#203: Chips, Automation, EVs, NGS, Fintech
1. Nvidia Announces Its Next Generation Self Driving Chip
Last month Nvidia announced Orin—the successor to its Xavier chip for autonomous vehicles. Capable of 200 trillion operations per second, Orin is almost seven times faster than Xavier and will ship in a variety of configurations ranging from one to four chips.
Orin is roughly 40% faster than Tesla’s Full Self Driving (FSD) but won’t ship in production cars until 2022, the main reason Tesla chose to design its own AI chip. Had it waited for a third-party chip supplier, Tesla’s self-driving program would have been delayed for at least three years.
Nvidia’s Orin and Tesla’s FSD highlight how horizontal and vertical business models can impact performance and delivery timelines. Orin is faster and more feature rich but needsmore complex specifications to support dozens of customers with varying requirements. Tesla’s chip is much simpler because it has only one customer—its internal software team—and as a result will ship one generation faster than comparable third-party suppliers.
Like ARM and Apple in the mobile market, both Nvidia and Tesla can be winners in autonomous driving.

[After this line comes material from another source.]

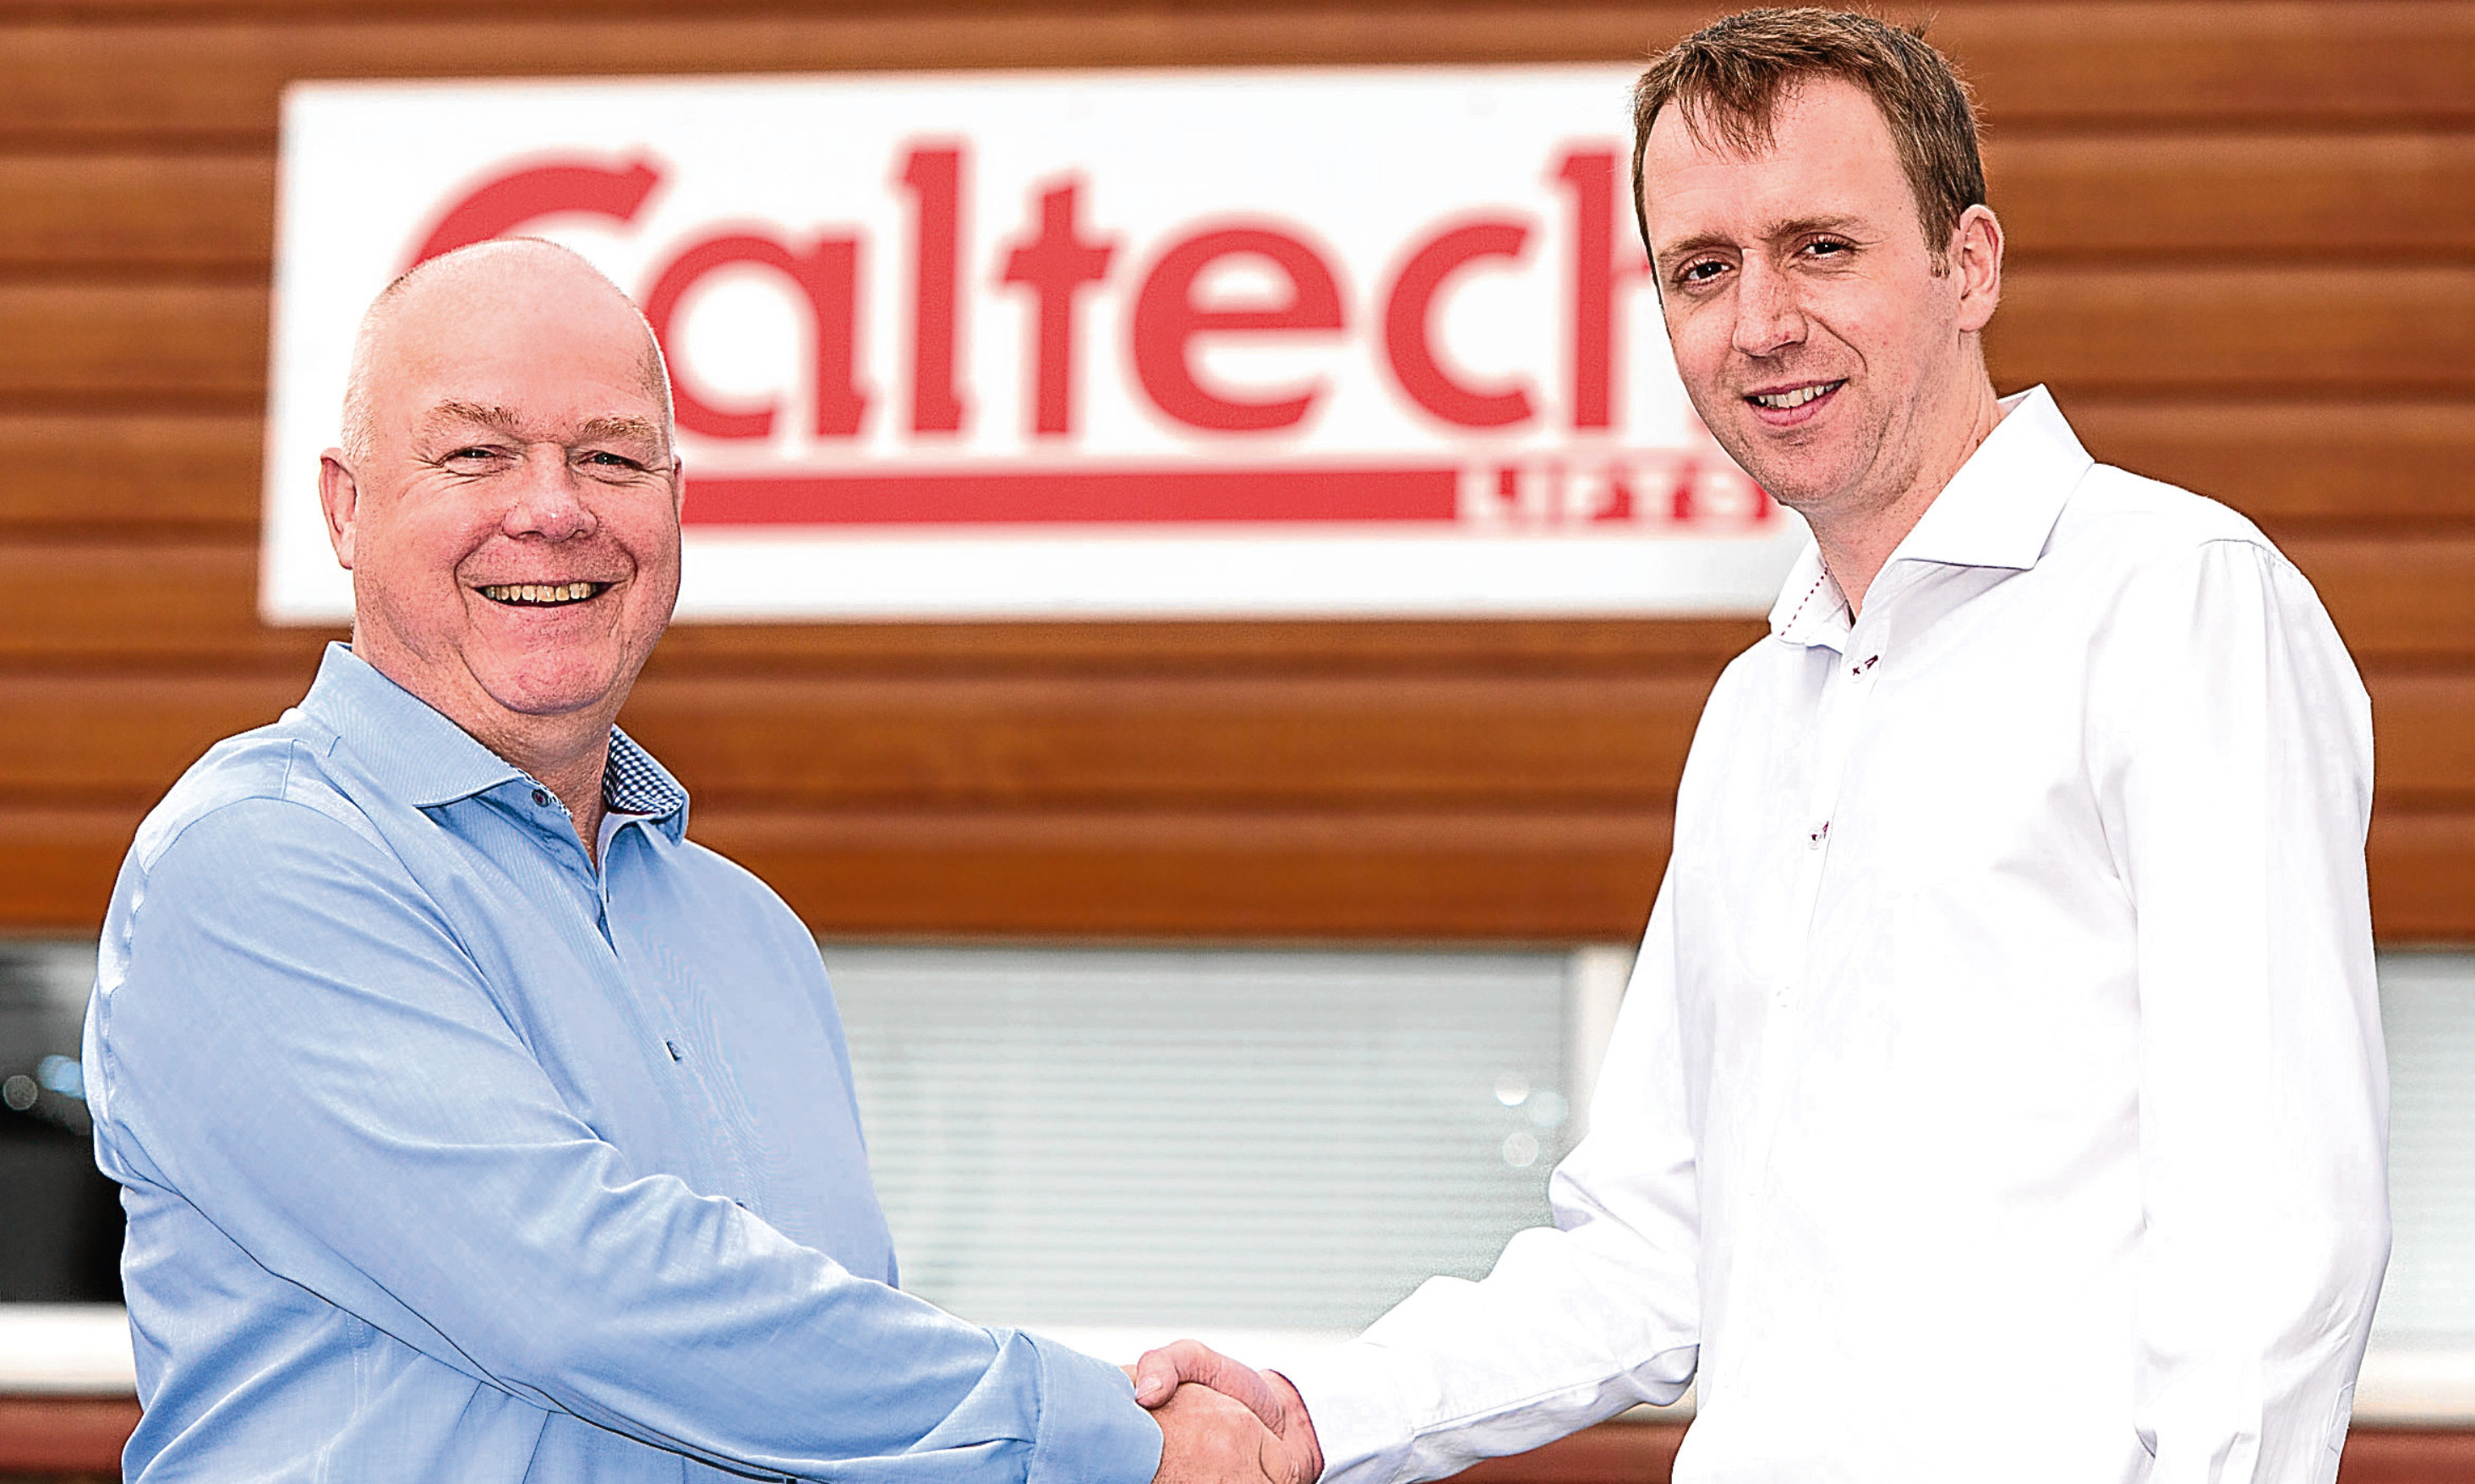 Managing Director Andrew Renwick (right) welcomes Scott Carnegie to the board of Caltech Lifts.

We believe the losers will be traditional OEMs as the automotive value chain shifts from engines and gearboxes to silicon and software.
2. As Margin Pressure Mounts, Automation Could Save Food Delivery Providers
Recently food delivery firms have been consolidating, a trend likely to accelerate as Google threatens them with disintermediation. Recently Google enabled users to order and pay for restaurant food in Google Search, Maps, and Assistant, skipping delivery provider apps altogether. As a result, Google is likely to pressure delivery company margins even more than recently has been the case.
To survive, food delivery platforms are likely to integrate with dark kitchens, robotic food preparation, and autonomous delivery. This week, for example, Michigan-based startup Refraction AI began offering food delivery in Ann Arbor using rolling robots to undercut the fees that GrubHub and other food delivery services charge restaurants. Refraction’s co-founder explains, “We’re not spending Bentley money to drive around your tacos.”
Across the logistics space, ARK expects purpose-built autonomous vehicles on the ground and in the skies to enhance the productivity and consumer delight associated with food delivery.
3. Tesla’s Manufacturing Productivity Has Surpassed That of Traditional Auto Manufacturers
In 2017, Tesla needed nearly 12 months to ramp Model 3 production to 3,000 vehicles per week, as shown here. At the time, bears were convinced that Tesla never would scale manufacturing, relegating it to a niche existence.
Two years and nearly 460,000 Model 3s later, Tesla built its Shanghai Gigafactory in 12 months and ramped manufacturing to 3,000 vehicles per week in just 3 months. For context, Toyota took four years to build a manufacturing plant in Texas with initial capacity similar to that of Tesla’s Shanghai Gigafactory.
Decades of manufacturing no longer seem to be a competitive moat in the automotive market. Quite the contrary, traditional auto manufacturers still are struggling to produce electric vehicles that can compete with the first Model S that Tesla produced in 2012.
4. Oxford Nanopore Technologies (ONT) is Gearing Up for Clinical Adoption
While investors were focusing on Illumina’s (ILMN) acquisition of Pacific Biosciences (PACB), Oxford Nanopore Technologies (“ONT”) quietly announced key hardware and software upgrades during its Nanopore Community Meeting (“NCM”) in December. Prior to these upgrades, clinical diagnostic providers had shunned ONT sequencers because of their lower accuracy, frequent update requirements, and lower sample throughput.
During the NCM, ONT announced a new nanopore architecture. These new nanopores measure voltage instead of changes in electric current, aiming to improve the accuracy of reading the difficult stretches of DNA involved in oncology. ONT also discussed chemistry improvements that could increase throughput to 7TB of data per run, slightly outperforming Illumina’s NovaSeq 6000. Finally, it announced Q-Line, a special class of ISO-regulated instruments built for diagnostic sequencing tasks.
While preparing to penetrate the clinical sequencing market once again, ONT has had a history of over-promising and under-delivering on an “Illumina-Killer” for roughly a decade. If successful in any way, however, ONT will introduce more competition into the sequencing space, perhaps incentivizing Illumina to accelerate its own cost declines and increasing access to whole human genome sequencing.